*DIRECTIONS:* Please copy all of the data that follows exactly, leaving any pictures out.
-------- DATA SEGMENT
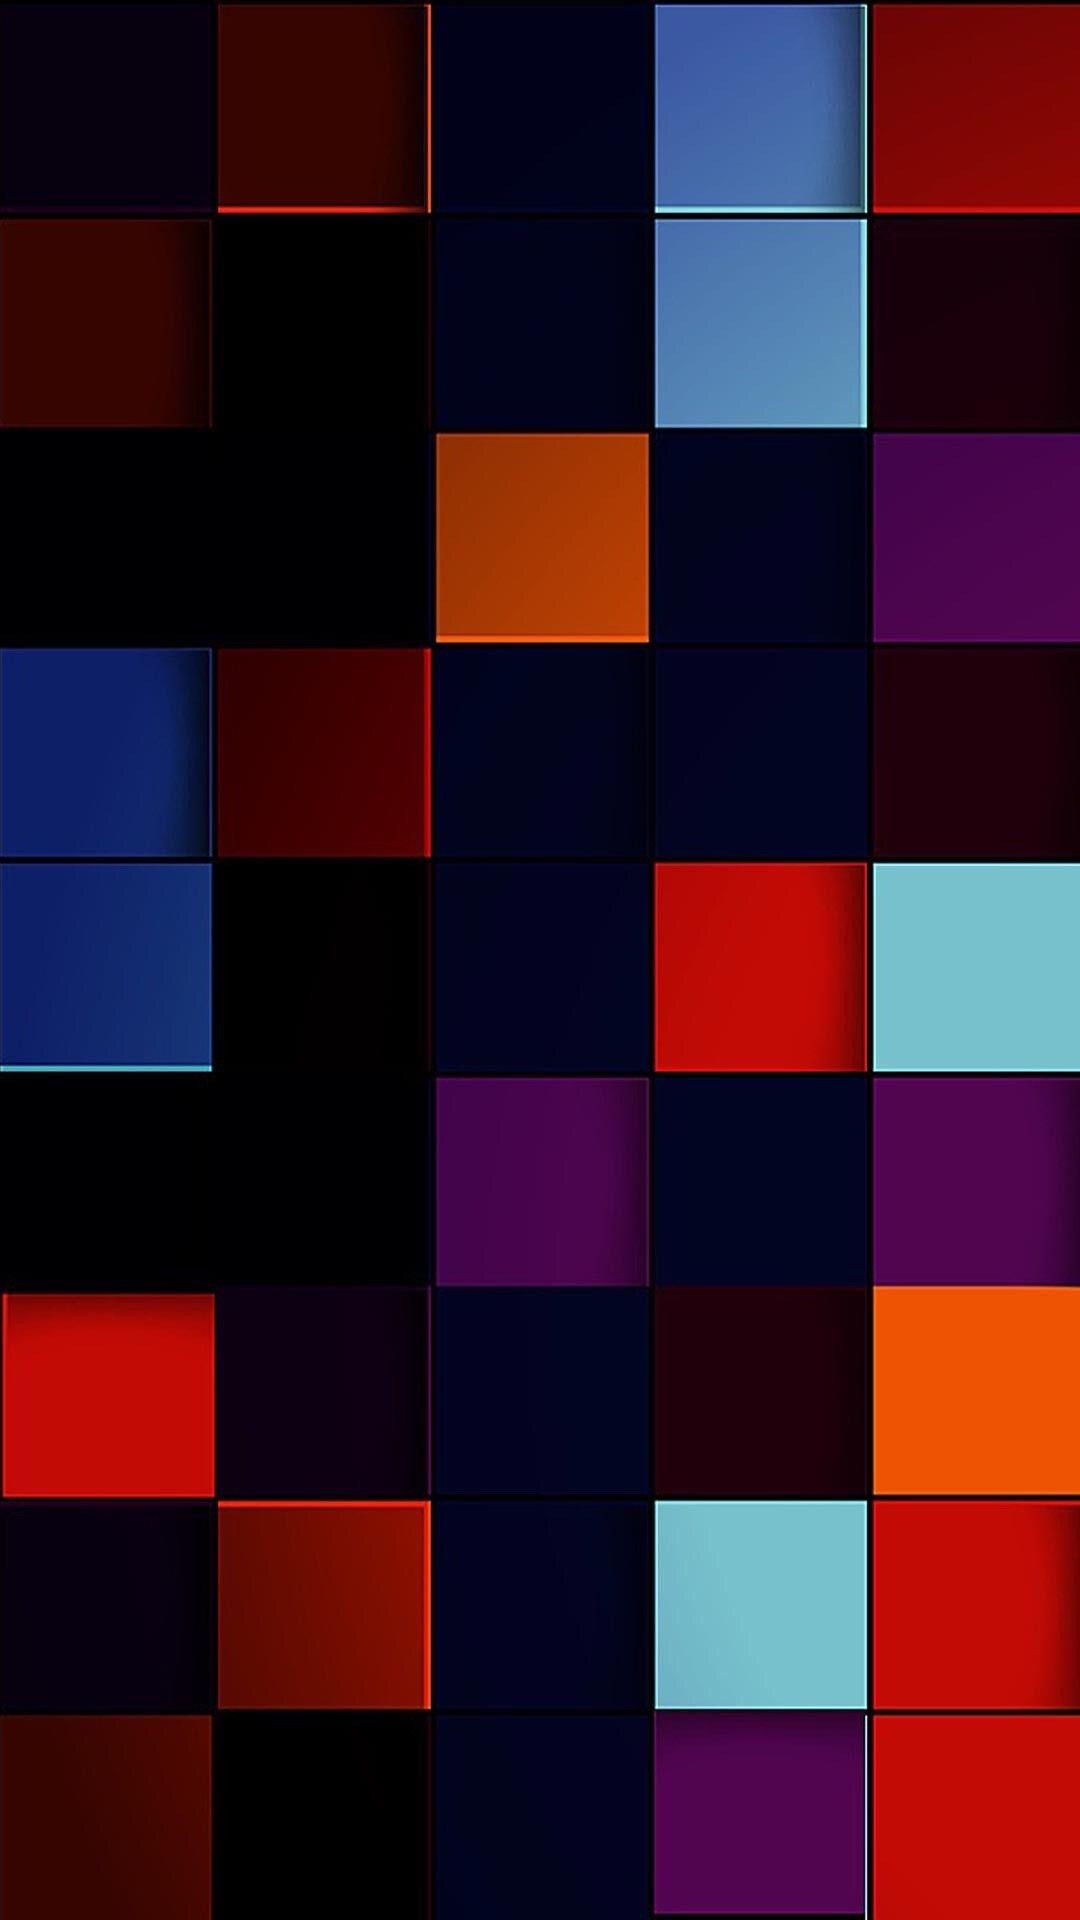 Colorful Geometric Shapes Wallpaper. Geometric shapes wallpaper, Abstract iphone wallpaper, Galaxy phone wallpaper
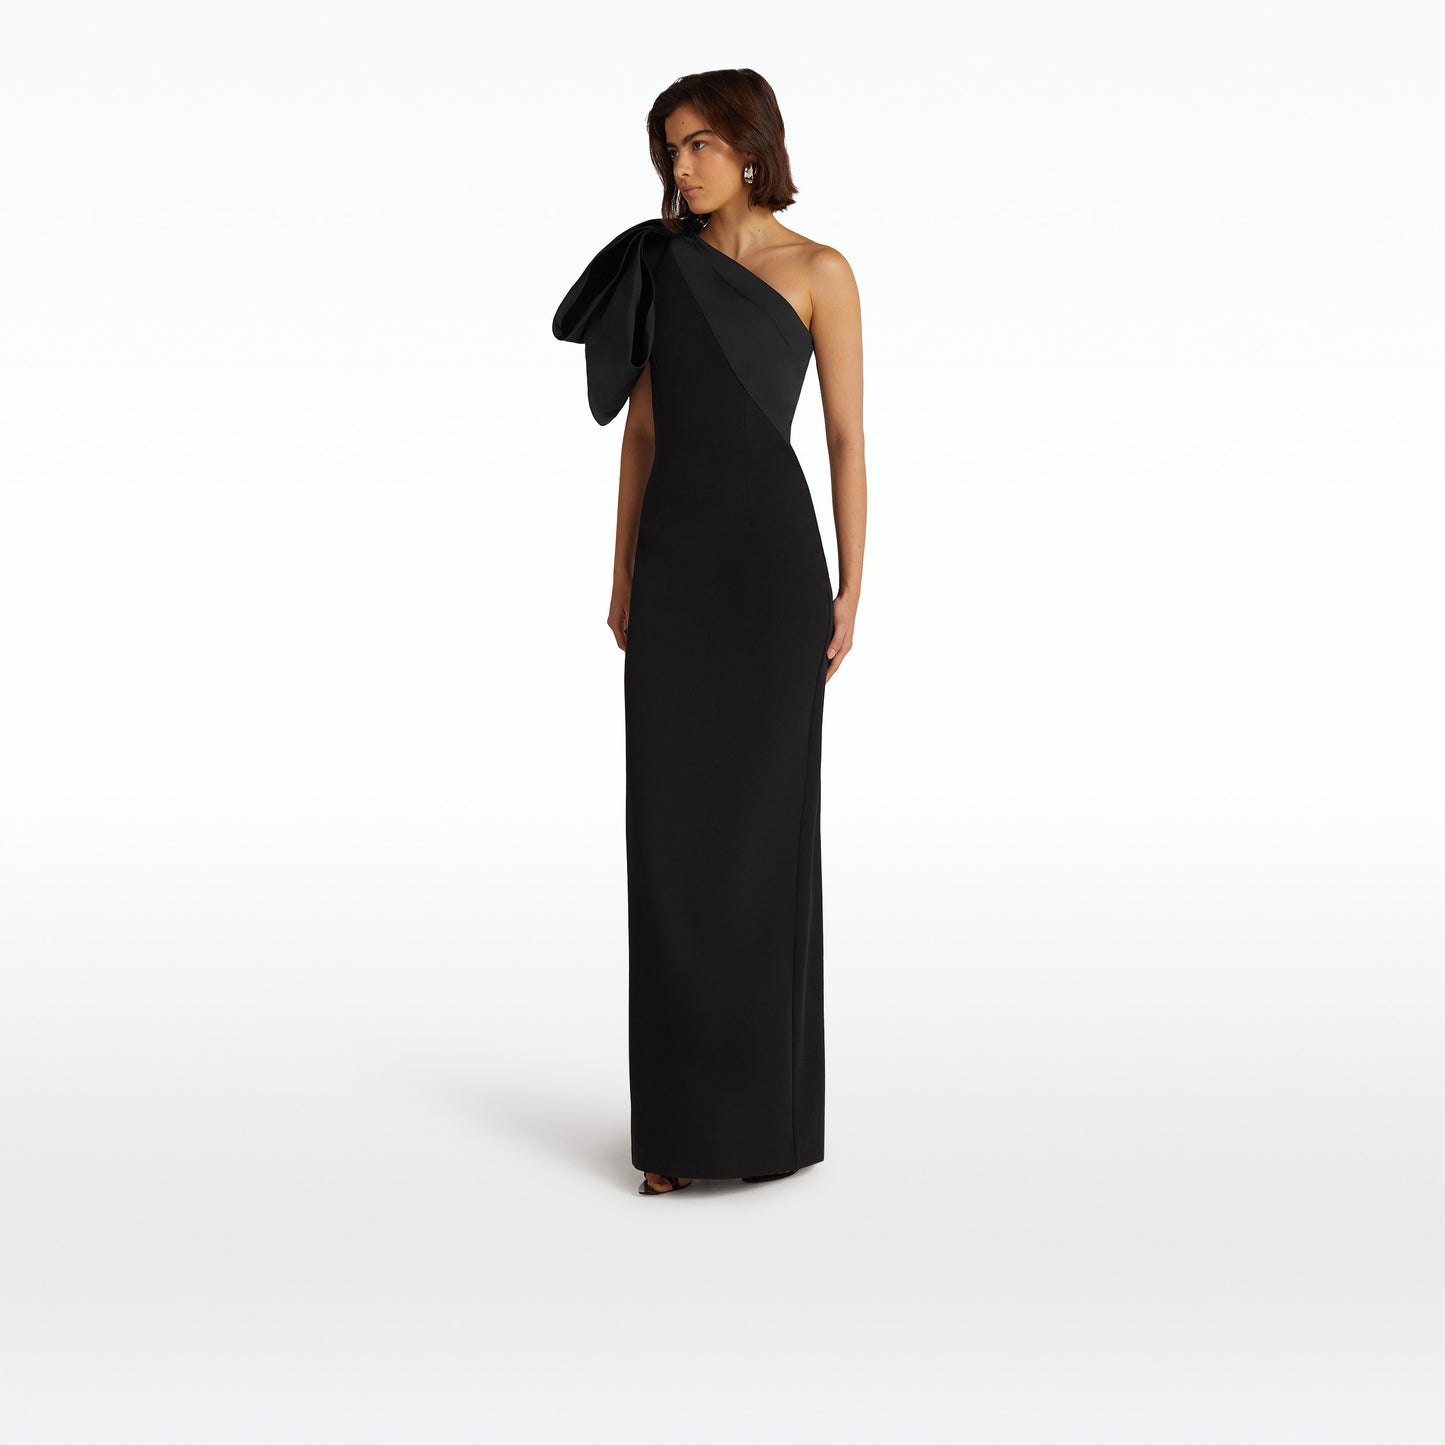 Maelys Black Long Dress
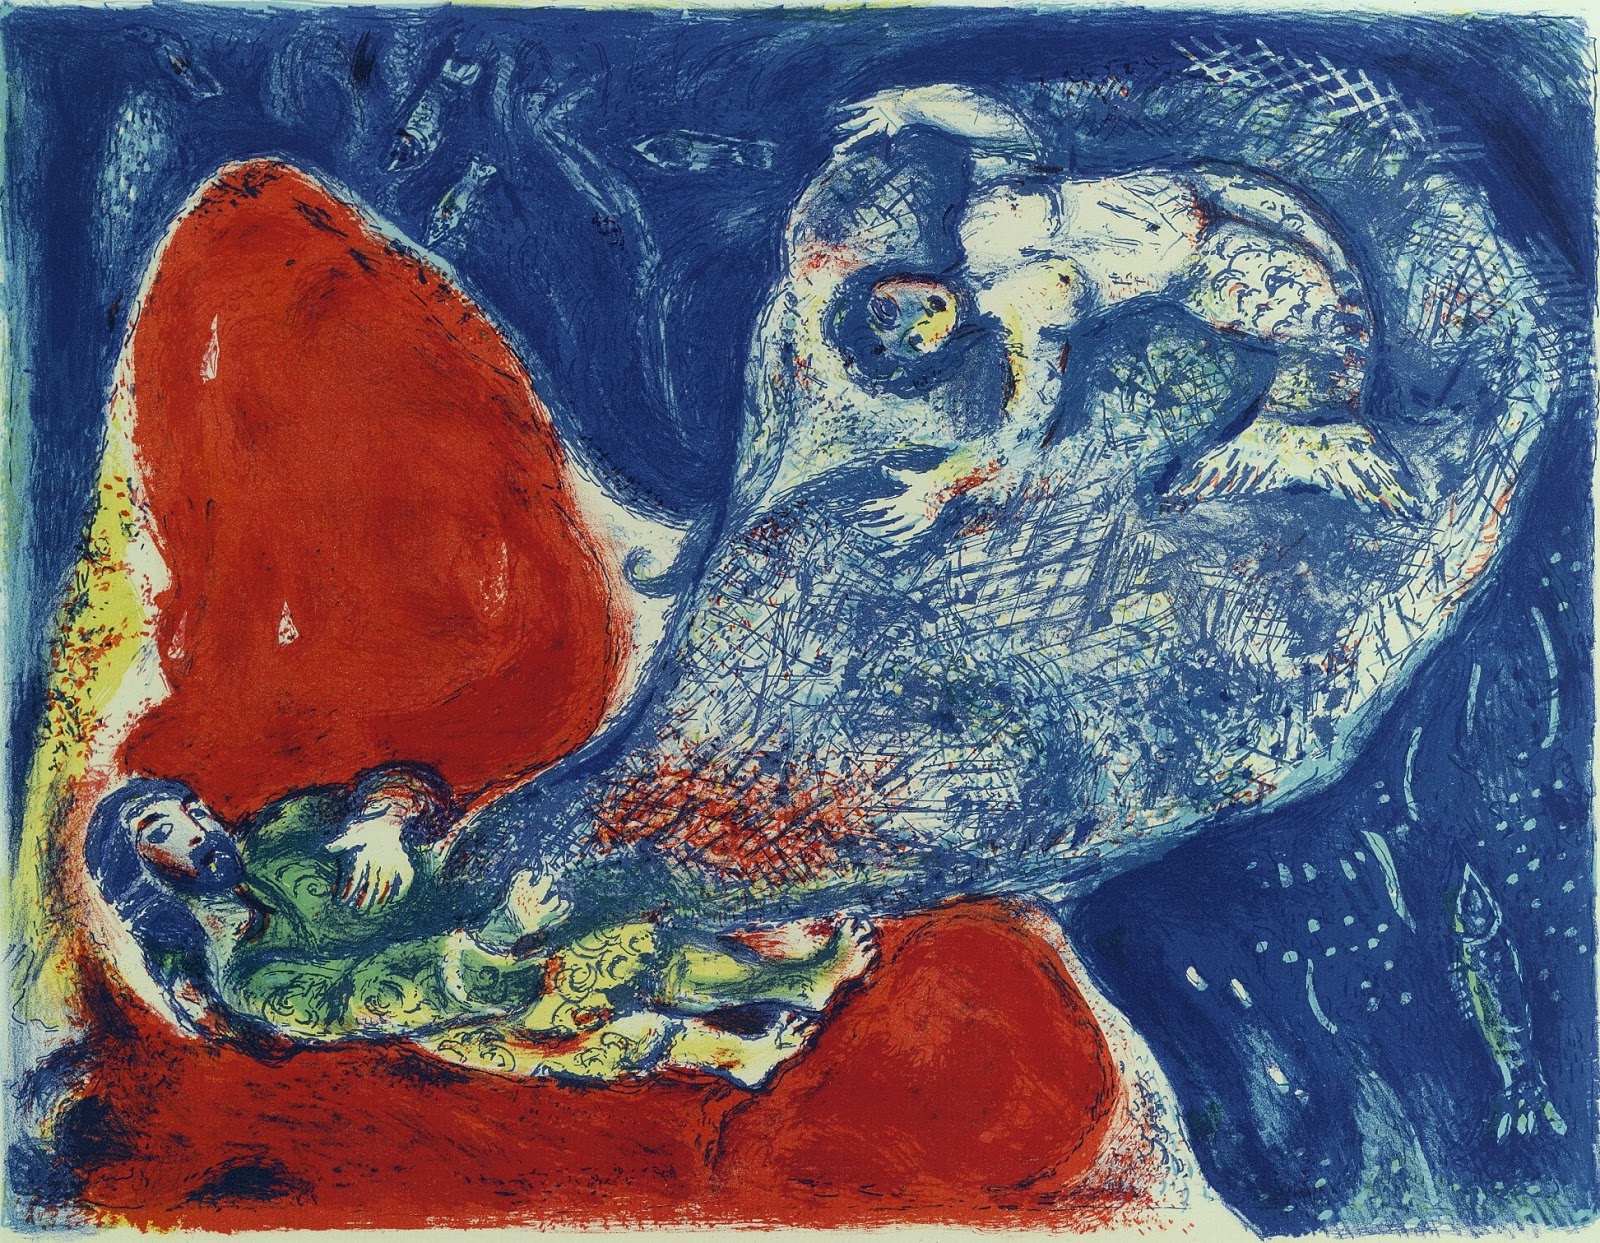 Marc+Chagall-1887-1985 (422).jpg
----------------
*WRITTEN RESPONSE:*
 Colorful Geometric Shapes Wallpaper. Geometric shapes wallpaper, Abstract iphone wallpaper, Galaxy phone wallpaper
 Maelys Black Long Dress
 Marc+Chagall-1887-1985 (422).jpg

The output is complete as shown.